Ainda no âmbito da Filosofia, uma das teses mais relevantes do seu marco conceptual é aquela que entende a vida como um texto mental escrito ou falado, que relatamos a nós mesmos ou a outros e que é continuamente submetido a interpretações e reformulações por parte do sujeito/actor/narrador (cf.

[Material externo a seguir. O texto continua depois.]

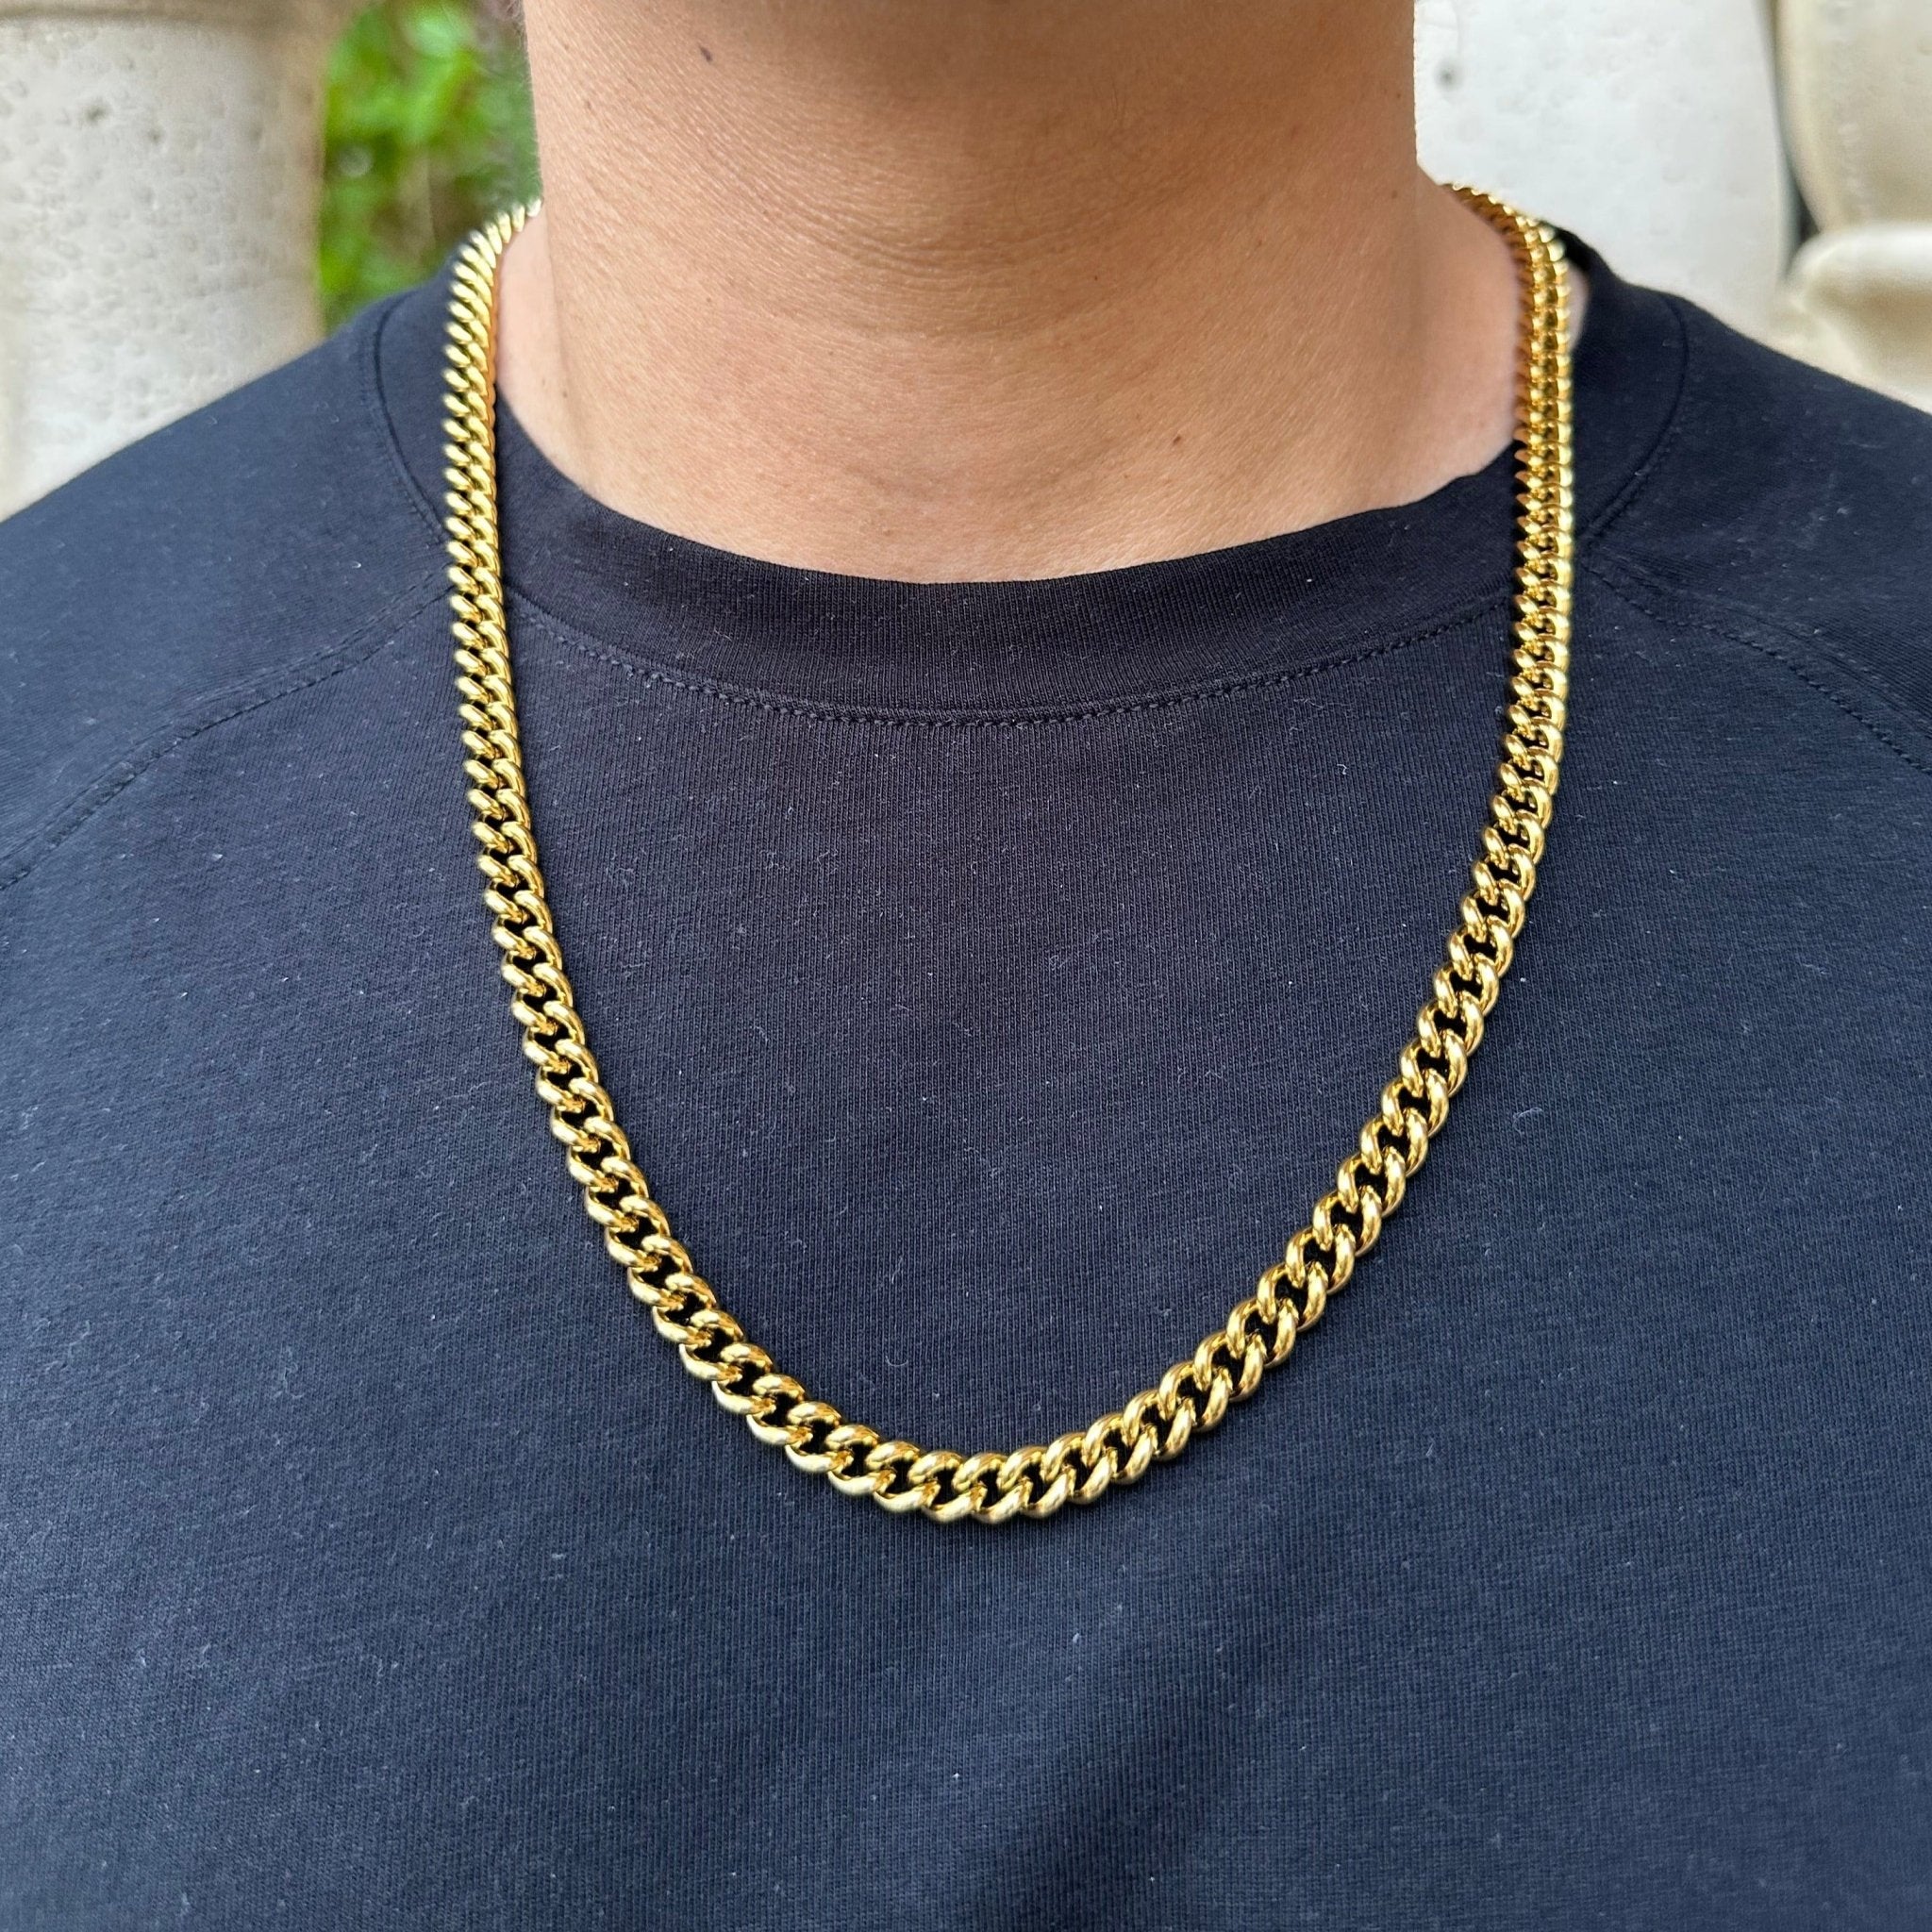 Men's Round Chain Necklace Silver / Gold

Bolívar et al., 2001).

A hermenêutica dos textos produzidos pelo narrador torna possível a realização da hermenêutica da vida humana, ou seja, possibilita a unificação dos diversos momentos e situações que a compõem, através de uma estrutura narrativa na qual o narrador se reconhece e se assume como personagem principal da história que relata, como sustentam Bolívar et al.:

“el sujeto tiene la capacidad de unificar la vida en una historia en la que se reconoce como personaje y narrador; y –por ello mismo – como autor de sus propios actos, como imputable y responsable, en suma, capaz de dar cuenta de sus propios actos y de afrontar las consecuencias” (2001: 94).

Em jeito de conclusão, podemos referir que a utilização da narrativa se faz numa dialéctica entre o eu e o outro, inscritos num contexto cultural determinado. Reflectindo sobre si próprio, sobre as suas acções e motivações e sobre as consequências das mesmas, o sujeito estrutura e orienta a sua acção na relação com o outro, revendo-se naqueles com quem interage.